Yes, I forgot to mention that that rule so weird. I have never heard of anything like that before. Like PP said shouldn't you be making the call on that??
I would have been hopping mad if anyone took away my DD's binky. Would they take away another kid's blanky? My SIL would keep pulling out DD's binky and I thought that was annoying!

californiagirl
03-14-2008, 03:52 PM
DD's daycare starts limiting sucking/chewing toys to naptime at about 2, but they have no problems with 3-4 year olds who have them at nap. And when DD transitioned into the 3.5 room, I told them that she was chewy during transitions, and I preferred a chewy toy to having her chew on her fingers or her hair. They were OK with letting her have a chewy toy whenever she wanted during the transition. She used it for a few days and then was done.

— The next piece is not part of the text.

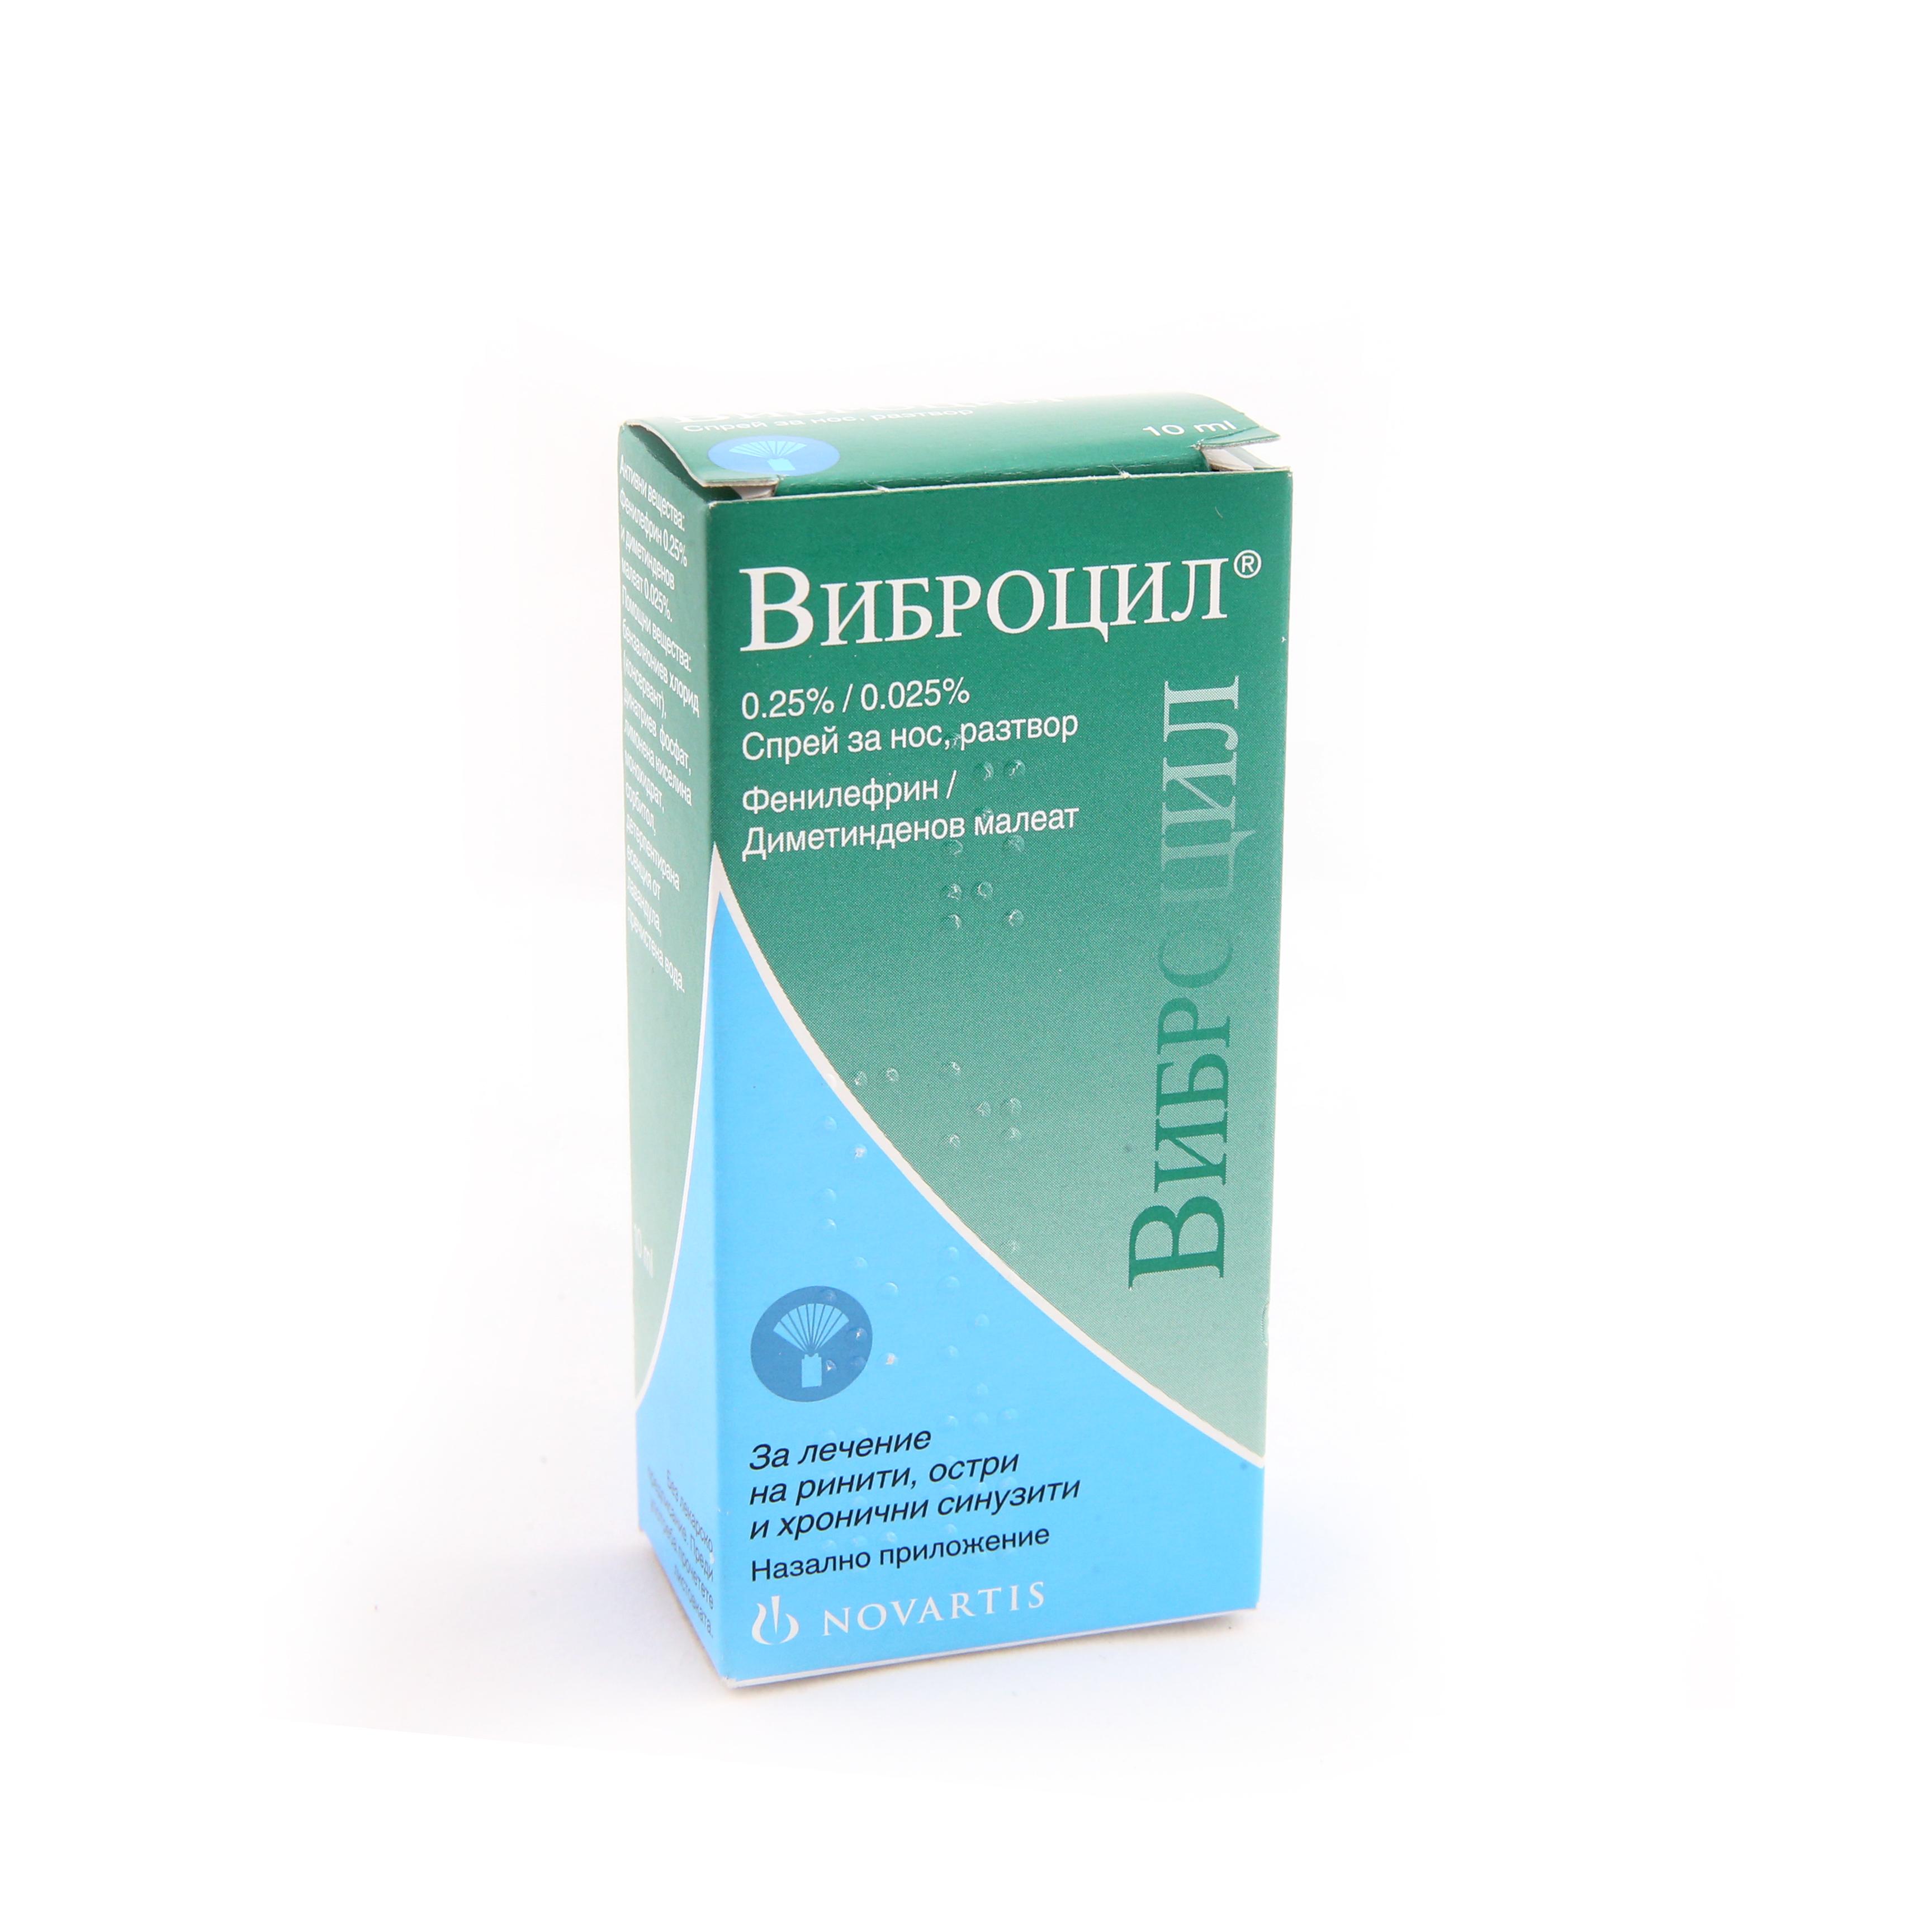 Какво представлява Виброцил и за какво се използва?   ВИБРОЦИЛ спрей за нос /VIBROCIL nasal spray на фармацевтичната компания Новартис се прилага при хрема от носа и за облекчаване на симптомите на запушения нос, предизвикани от широк кръг инфекциозни или алергични нарушения на горните дихателни пътища. Също така спреят за нос Виброцил  съдържа антихистамин и назален деконгестант. Той подпомага освобождаването на носните проходи, облекчавайки хремата и отока. Виброцил не променя активността на носните цилии. Виброцил се използва за облекчаване на конгестията в случай на простуда, остър и хроничен ринит, сенна хрема или друг алергичен ринит (алергия към домашен прах, животинска козина и др.), вазомоторни ринити и синуити. Виброцил се употребява като допълнителна терапия при лечение на възпаление на ушите.Виброцил може да ви бъде предписан от лекар за пре- и постоперативни грижи при хирургични интервенции на носа.Виброцил съдържа като активни съставки назален деконгестант (фенилефрин) и антихистамин (диметинден малеат). Виброцил спрей съдържа 0.25% фенилефрин и 0.025% диметинден малеат като активни съставки. Състои се също от бензалкониев хлорид (консервант), натриев фосфат, лимонена киселина, сорбитол, детерпентирана есенция от лавандула, пречистена вода.  Какво трябва да проверите, преди да използвате Виброцил?  Прочетете следната информация, преди да употребявате Виброцил.  Не използвайте Виброцил:  - ако сте алергичен към някоя от съставките;  - ако страдате от атрофичен ринит (заболяване на носната лигавица с хронично възпаление и образуване на крусти);  - ако вземате или сте вземали през последните 2 седмици лекарство по лекарско предписание, съдържащо моноаминооксидазен инхибитор (МАО инхибитори, които се използват за лечение на депресия и други психични заболявания). Консултирайте се с вашия лекар или фармацевт, преди да използвате Виброцил, ако не сте сигурни дали лекарството ви съдържа МАО инхибитор.   Какви предпазни мерки да вземете, преди да употребявате

So, my 2 cents; transitions are hard on kids. Sucking a binky to fall asleep isn't a big issue. Let him keep it until he's done if it's just to sleep. And your daycare didn't handle this transition well, you might want to talk to them about it and see if they can fix that.

Mirthful
03-15-2008, 02:49 AM
I agree with the pps who have said to let him keep it for now. With our DD, we started limiting the paci to her crib right before she was two. She did great for a while but a few transitions later (moving to a new room, a big girl bed, a new sibling) ... she started sucking her thumb during the daytime! And her thumb is a lot harder to take away than a pacifier so I wish we had just let her keep the pacifier instead.

HTH!

clc053103
03-18-2008, 01:31 PM
Thanks for all the advice!! I gave back the nuk and noticed in response to having it taken at school, he was trying to get it at other times at home. But now he seems back on target and after a few days of difficulty, his toddler bed sleeping seems to be going very well with little fuss!

Thanks again!

daisy1234
03-18-2008, 02:09 PM
I still feel terrible taking DS Binky away at 2.5 years....he never napped after that. It was a rough time from age 2.5 to 4. He soooo much needed a nap but couldn't settle himself. I honestly would not feel shameful. You have to do what works for you. My friend talked her son into giving up the binky at age 3 and she had an easy time.....you just have to do what works for you! I have a similiar sitaution with DD...still nursing....she will not nap unless I nurse her to sleep. I honestly am going to continue this ...since I started it! :) I'd rather her be happy then cranky...at this point....it works for us. I am thankful DH is supportive...he just remembers how hard it is to parent a child who can't sooth themselves. Anyway...just sharing my story...I am sure you wil go with your mommy instincts! Good luck!